I just noticed that Arve Bersvendsen has written a post entitled 11 ways to valid RSS where he states he has seen 11 different ways of providing content in an RSS feed namely
Content in the description element
I have so far identified five different variants of content in the <description>
element:
- Plaintext as CDATA with HTML entities - Validate
- HTML within CDATA - Validate
- HTML escaped with entities - Validate
- Plain text in CDATA - Validate
- Plaintext with inline HTML using escaping - Validate
<content:encoded>
I have encountered and identified two different ways of using <content:encoded>
:
- Using entities - Validate
- Using CDATA - Validate
XHTML content
Finally, I have encountered and identified four different ways in which people has specified XHTML content:
- Using <xhtml:body> - Validate
- Using <xhtml:div> - Validate
- Using <body> with default namespace - Validate
- Using <div> with default namespace - Validate
At first these seem like a lot until you actually try to program against this using an XML parser. In which case, the first thing you notice is that there is no difference programming against CDATA vs. escaped entities since they are both syntactic sugar. For example, the XML infoset and data models compatible with it such as the XPath data model do not differentiate character content that is written as character references, CDATA sections or entered directly. So the following
<test><![CDATA[ ]]>2</test>
<test> 2</test>
<test> 2</test>
are all equivalent. More directly if you loaded all three into an instance of System.Xml.XmlDocument and checked their InnerText property they'd all return the same result. So this reduces Arve's first two elements to
Content in the description element
I have so far identified five two different variants of content in the <description>
element:
- HTML
- Plain text
<content:encoded>
I have encountered and identified two different ways one way of using <content:encoded>
:
- Containing escaped HTML content
If your code makes any distinctions other than these then it is a sign that you have (a) misunderstood how to process RSS or (b) are using a crappy XML parser. When I first started working on RSS Bandit I also was confused by these distinctions but after a while things became clearer. The only problem here is the description element since you can't tell whether it is HTML or not without guessing. Since RSS Bandit always provides the content to an embedded web browser this isn't a problem but I can see how it could be one for aggregators that don't know how to process HTML (although I've never seen one before).
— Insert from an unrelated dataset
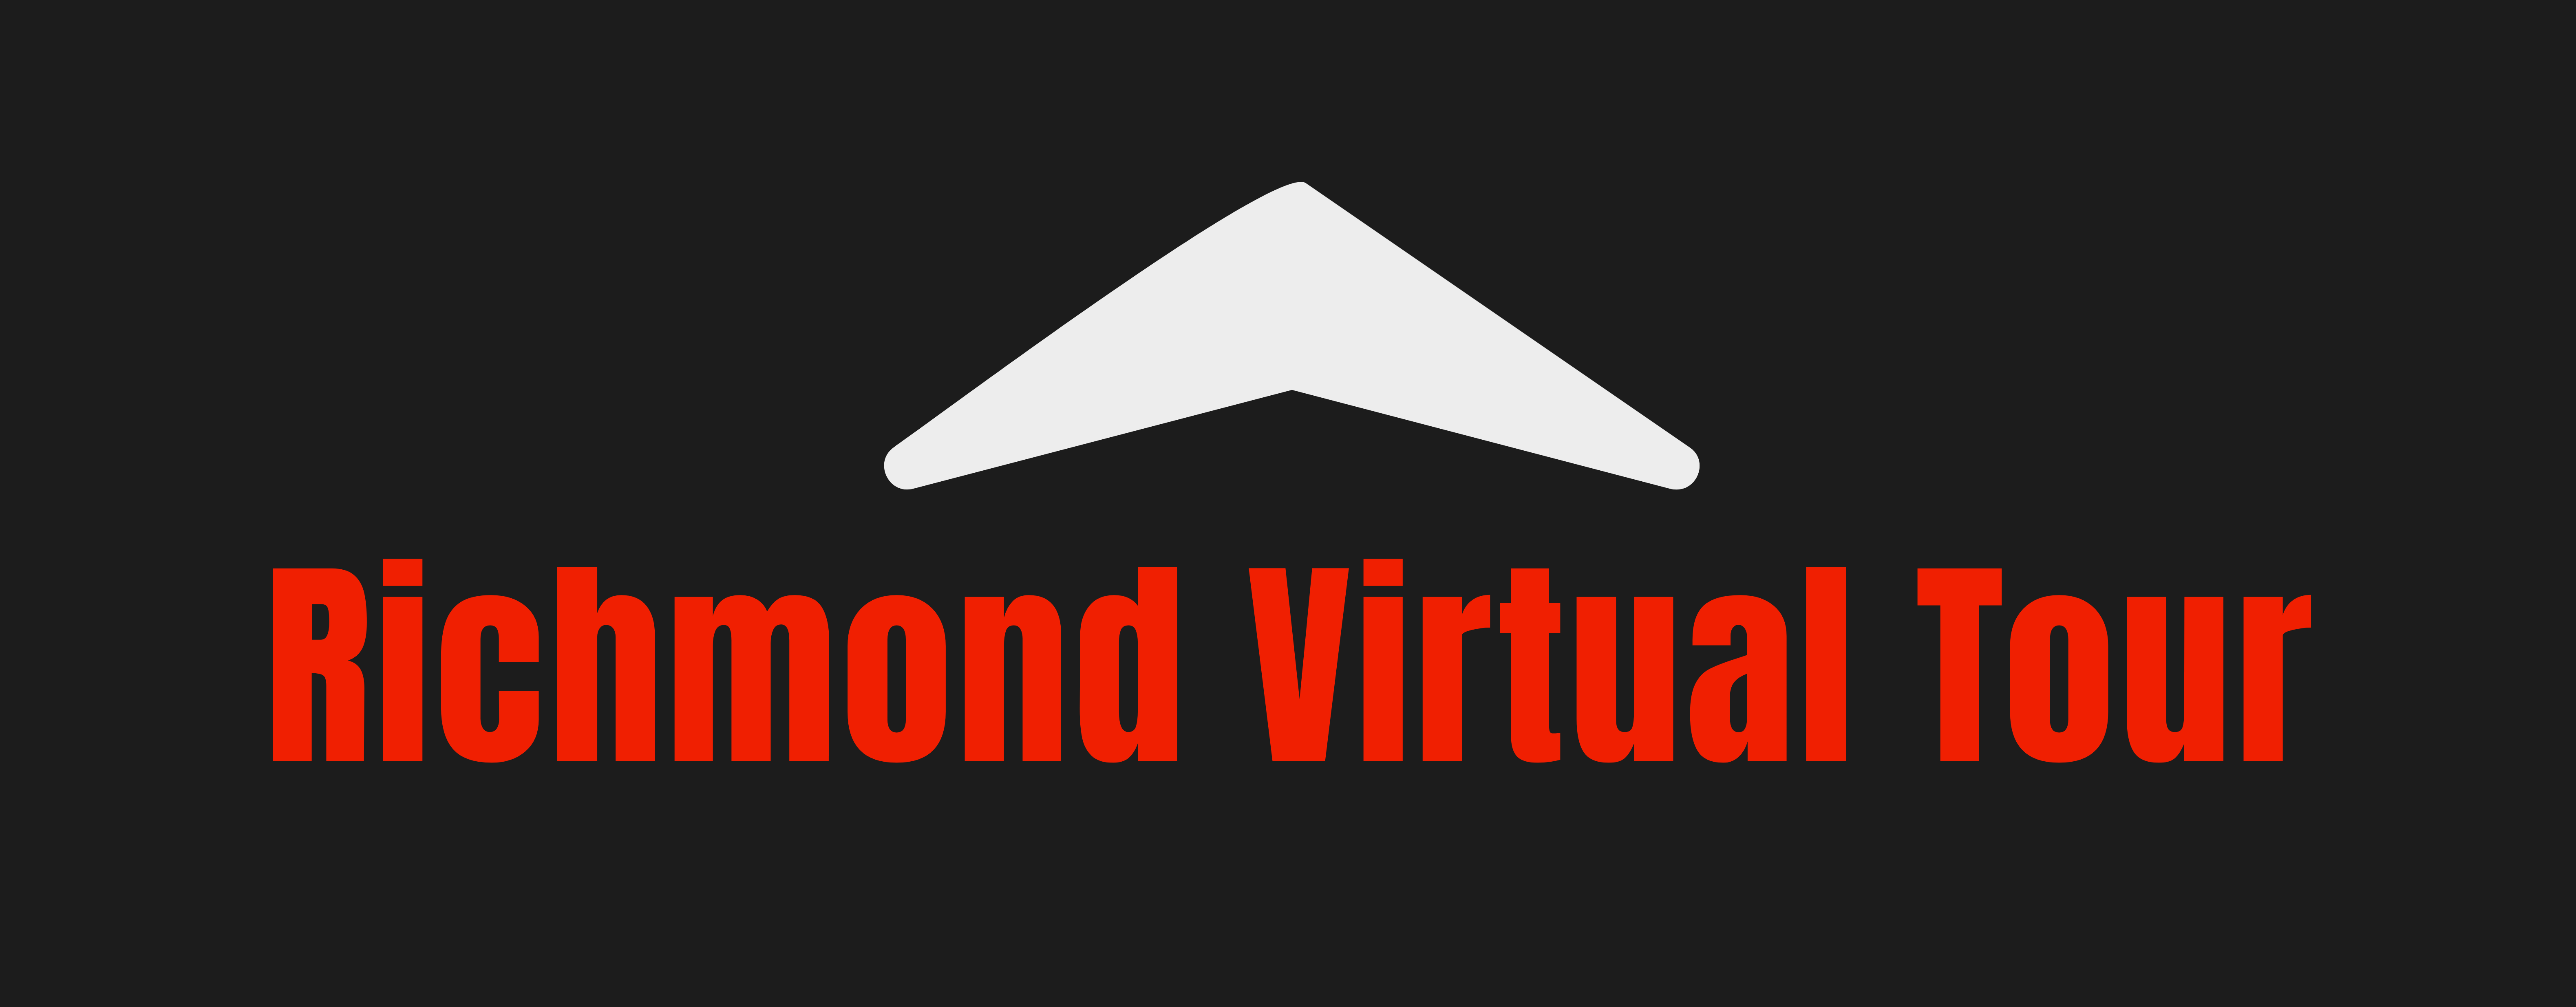 Richmond Virtual Tour

Another misunderstanding by Arve seems to be how namespaces work in XML. A few years ago I wrote an XML Namespaces and How They Affect XPath and XSLT where I wrote
A qualified name, also known as a QName, is an XML name called the local name optionally preceded by another XML name called the prefix and a colon (':') character...The prefix of a qualified name must have been mapped to a namespace URI through an in-scope namespace declaration mapping the prefix to the namespace URI. A qualified name can be used as either an attribute or element name.
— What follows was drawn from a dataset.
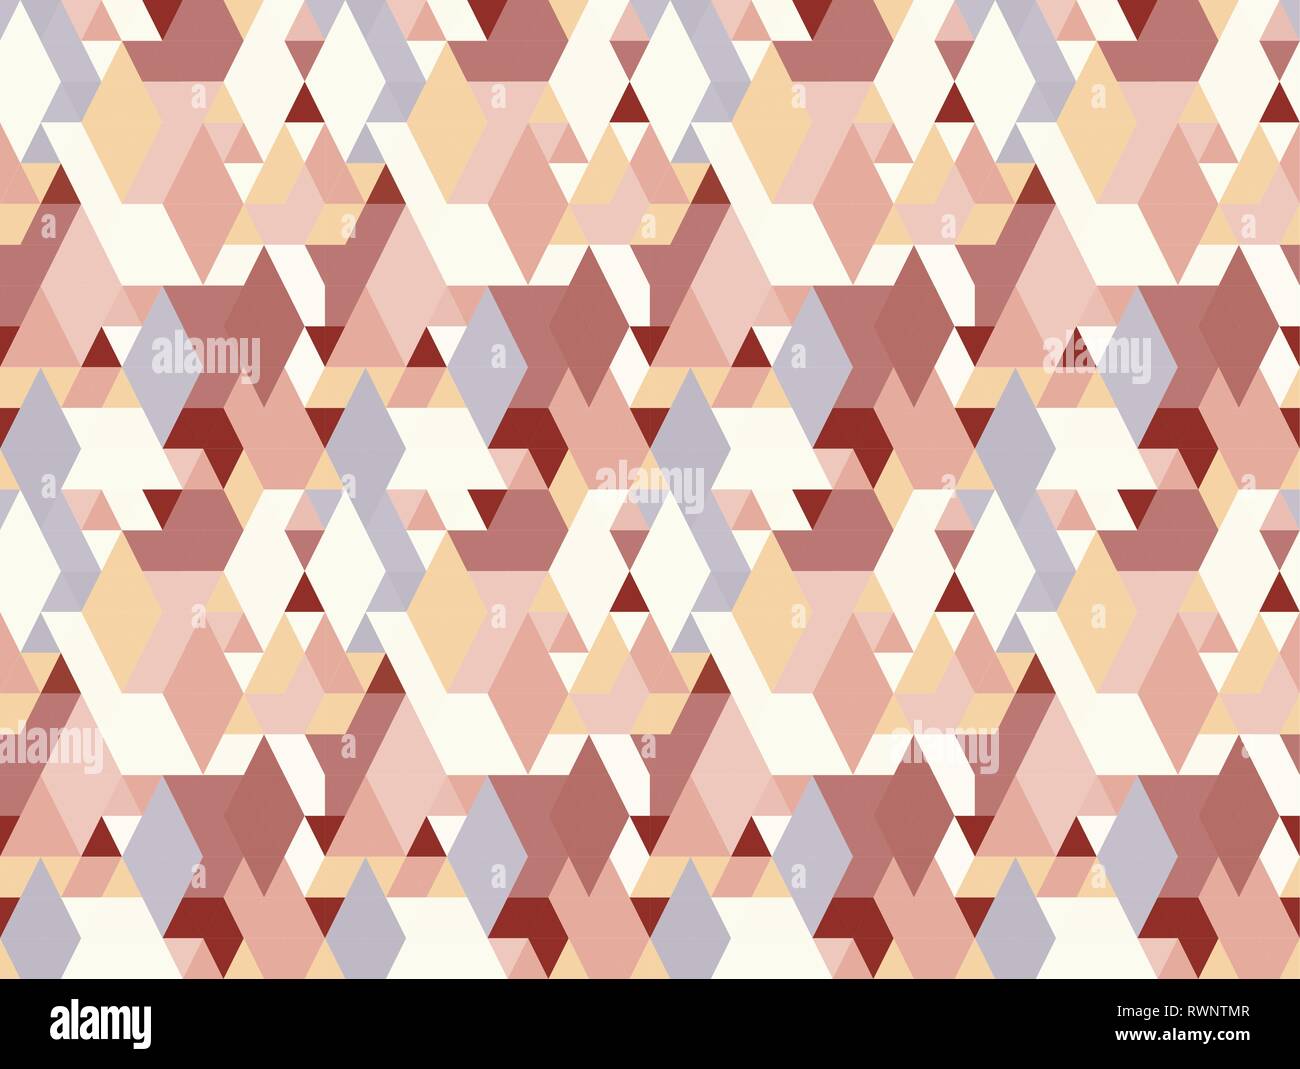 Vektor bunte geometrische Formen nahtlose Muster Hintergrund. Stock Vektor

Although QNames are important mnemonic guides to determining what namespace the elements and attributes within a document are derived from, they are rarely important to XML aware processors. For example, the following three XML documents would be treated identically by a range of XML technologies including, of course, XML schema validators.
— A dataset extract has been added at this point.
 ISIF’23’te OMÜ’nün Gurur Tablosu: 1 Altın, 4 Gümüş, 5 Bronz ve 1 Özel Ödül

<xs:schema xmlns:xs="http://www.w3.org/2001/XMLSchema">
<xs:complexType id="123" name="fooType"/>
</xs:schema>
<xsd:schema xmlns:xsd="http://www.w3.org/2001/XMLSchema">
<xsd:complexType id="123" name="fooType"/>
</xsd:schema>
<schema xmlns="http://www.w3.org/2001/XMLSchema">
<complexType id="123" name="fooType"/>
</schema>
Bearing this information in mind this reduces Arve's example to
XHTML content
Finally, I have encountered and identified four two different ways in which people has specified XHTML content:
- Using <xhtml:body>
- Using <xhtml:div>
Thus with judicious use of an XML parser (which makes sense since RSS is an XML format), Arve's list of eleven ways of providing content in RSS is actually whittled down to five. I assume Arve is unfamiliar with XML processing which led to his initial confusion.
NOTE: Before anyone bothers to start pointing out that Atom somehow frees aggregator author from this myriad of options I'll point out that Atom has more ways of encoding content than these. Even ignoring the inconsequential differences in syntactic sugar in XML (escaped tags vs. unescaped tags in CDATA sections) the various combinations of the <summary> and <content> elements, the mode attribute (escaped vs. xml) and MIME types (text/plain, text/html, application/xhtml+xml) more than double the number of variations possible in RSS.